2. Every `Decision` node has exactly one `decision_origin` recorded per C2.
3. Non-deterministic edges (`is_deterministic: false`) are the re-run risk surface — `s3-reproducibility-controls` defines how to constrain them.
4. A lineage map is **incomplete** if any node lacks the edge labels above, or if any leaf is not a `Source` row from `s3-source-inventory-template`.
5. Maps are versioned alongside the system.

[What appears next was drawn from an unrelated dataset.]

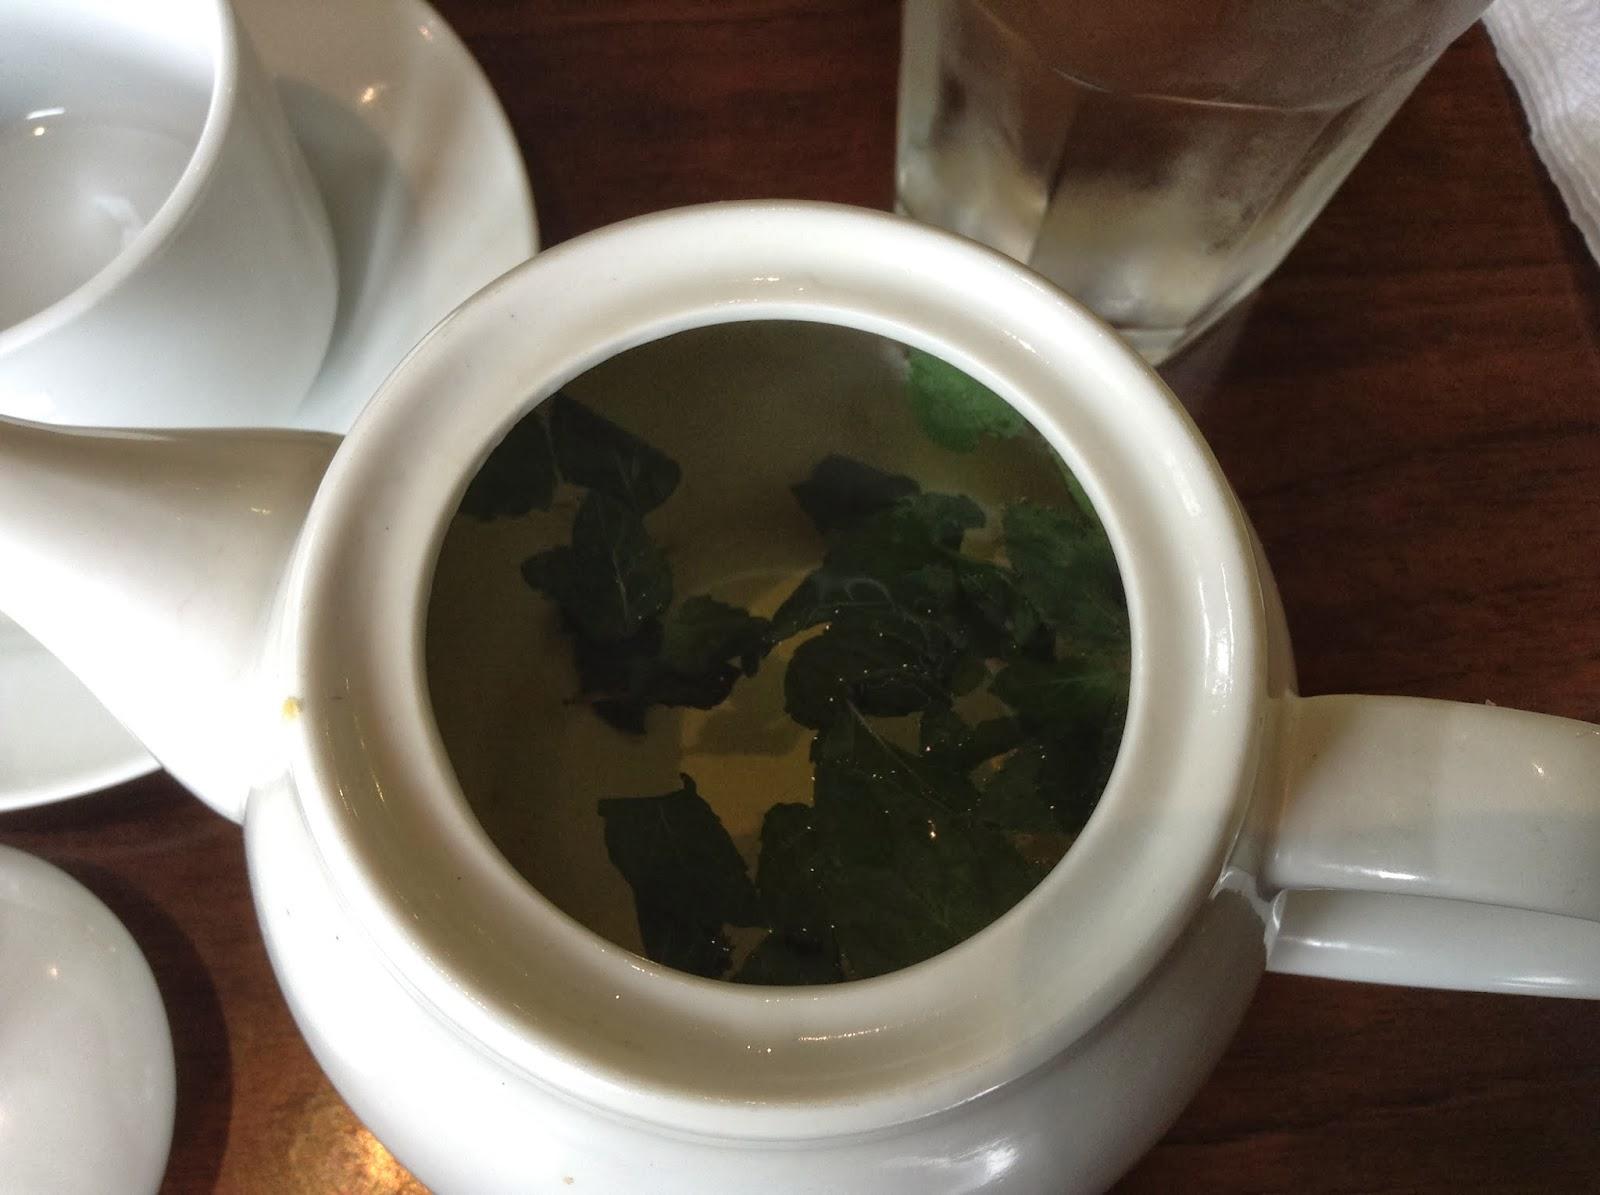 Drinking peppermint tea

A model swap, retriever change, or new source is a lineage map version bump, not a silent edit.

## Anti-patterns
- "Source: internet" — not a source. Either it is on the inventory or it is not in lineage.
- A `Transformation` that secretly calls an LLM — that is an `Inference` node; relabel.
- Merging two `confidence_band: low` inputs into a `high` output without an explicit, recorded merge rule. Confidence does not laundry.